The ioctl does not acquire the "ashmem_mutex" to perform the ioctl itself. Therefore, an "mmap" operation could be in-flight, while the ASHMEM_SET_SIZE ioctl is being processed. This opens up the possibility to the following schedule, triggering a race condition:

[Process A]:
1. Attacker sends a MemoryIntArray with a crafted ashmem file descriptor in a Bundle, and with a small size

[System Server]:
2. Target process (e.g., system_server) unparcels the bundle with the MemoryIntArray, instantiating it
3. This triggers the code path above, executing lines 1-16

[Process A]:
4. Attacker calls ASHMEM_SET_SIZE, either during or before the mmap call
4.1. Lines a-c are executed, asma->file is still NULL

[System Server]:
5. Target process continues executing lines 16-24
5.1. Target process sees the old size, as the ASHMEM_SET_SIZE operation didn't complete yet
5.2. Therefore, the condition at line 24 is not satisfied

[Process A]:
6. Lines d-f are executed, setting the size to a new value

[System Server]:
7. Some time later, target process runs the finalizer, which retrieves the new size, and uses it to munmap the descriptor
7.1. This causes an inter-process munmap with an attacker-controller size


This issue can be exploited similarly to the previous ashmem bugs -- once a larger "munmap" is performed in the target process, it can be used to "free" a data structure such as a thread's stack, allowing the attacker to replace it with their own controlled contents.

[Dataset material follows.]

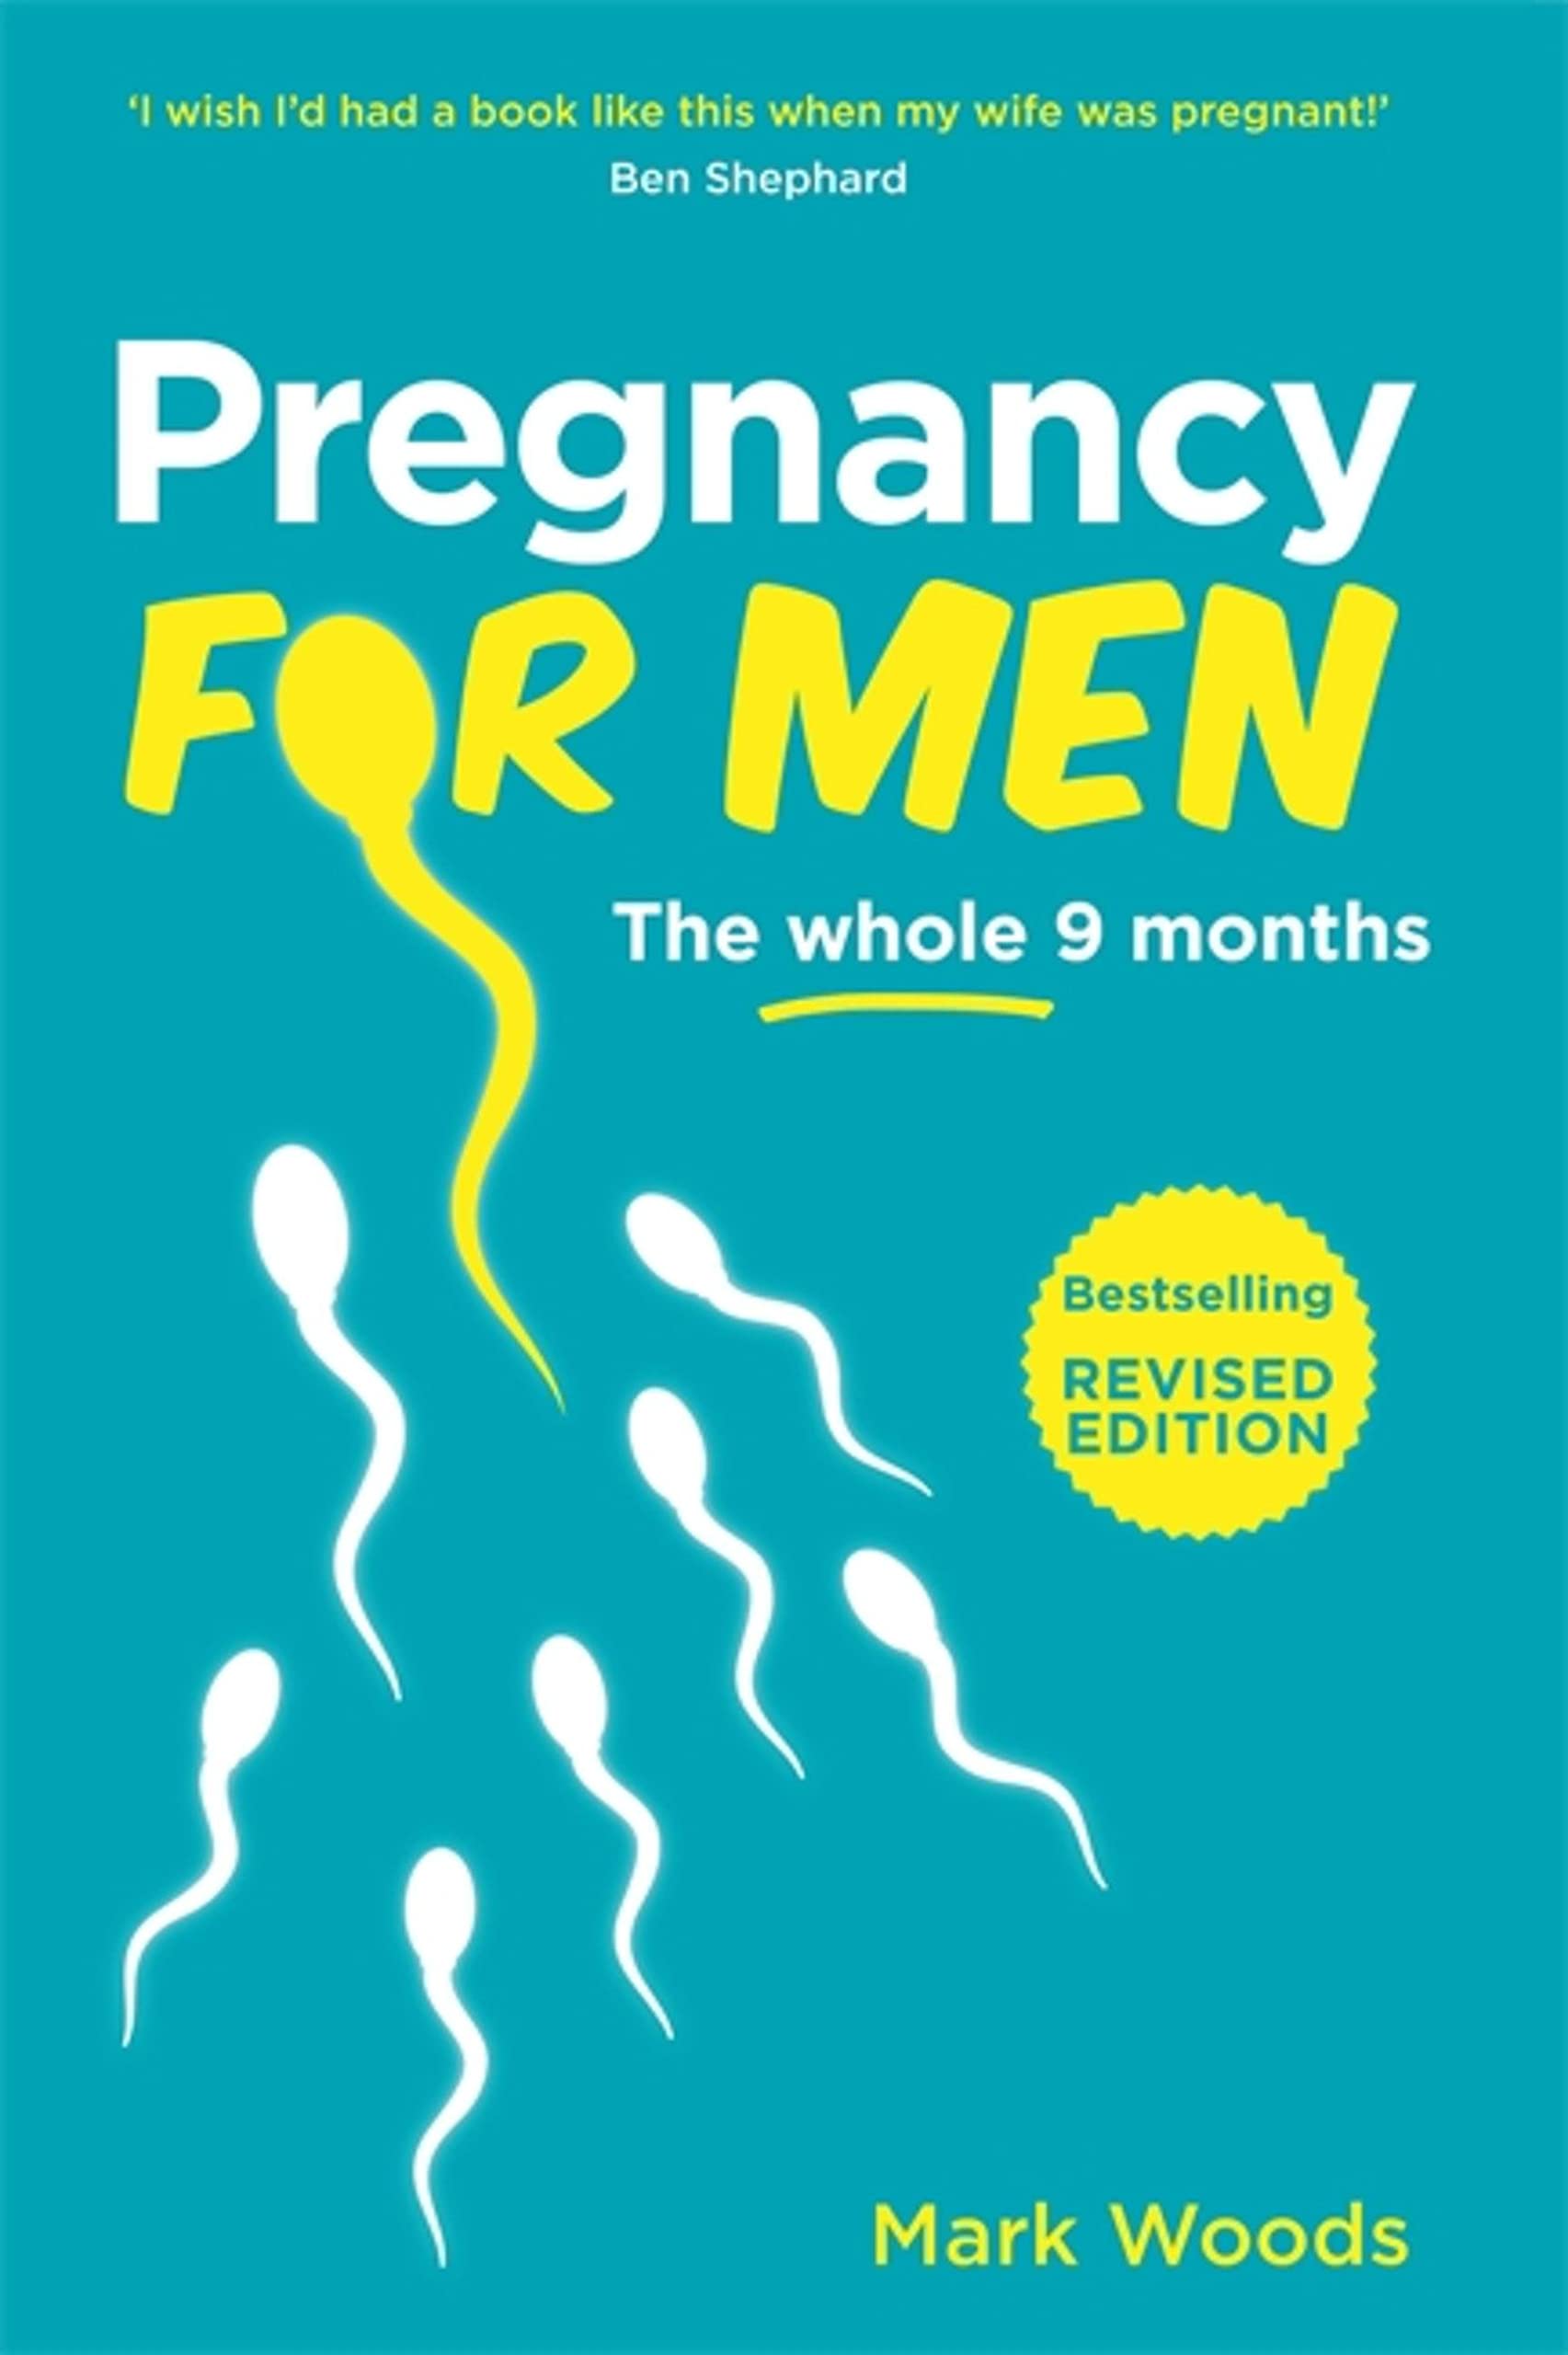 "Pregnancy For Men" by Mark Woods
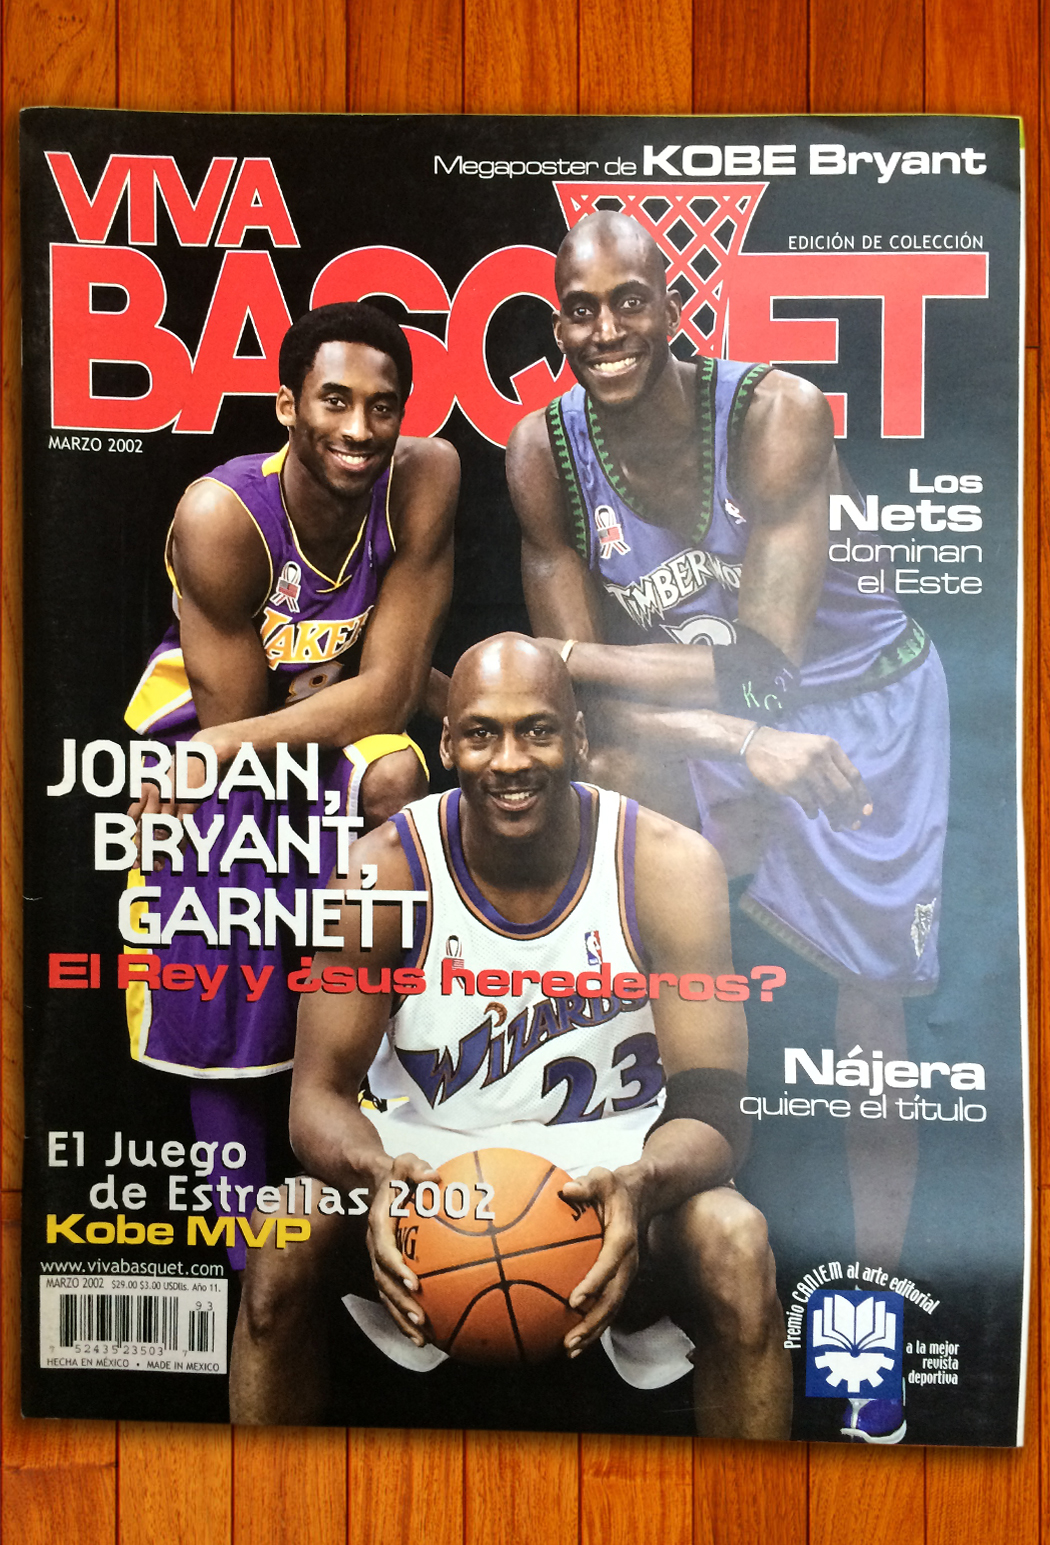 Kobe Bryant en viva basquet foto 11

While the exploitable condition is present in MemoryIntArray, I believe a fix should also be applied to the kernel to prevent such conditions from occurring in other contexts. Namely, the ashmem driver should acquire the "ashmem_mutex" during the ASHMEM_SET_SIZE operation, in order to guarantee that no races with ongoing "mmap" operations are possible. In addition, MemoryIntArray should not rely on multiple calls to ASHMEM_GET_SIZE, but should rather perform a single ASHMEM_GET_SIZE operation and store the returned size for both the "mmap" and "munmap" operations.

To demonstrate the race condition, I've added a busy loop to the ashmem driver between lines c. and d., increasing the race window to allow for easier demonstration of the schedule above.

I've attached a PoC which triggers this race condition and causes system_server to call munmap on a large memory region. To reproduce the issue, apply the diff in "ashmem_delay.diff" to the ashmem driver, then run the attached program. Doing so should result in a large "munmap" operation in system_server, causing it to crash.

The issue can also be exploited from the "isolated_app" SELinux context (and perhaps from the Chrome sandbox?), as all that's required to leverage the attack is the ability to issue ashmem syscalls, and to interact with the ActivityManager service (which is exposed to "isolated_app").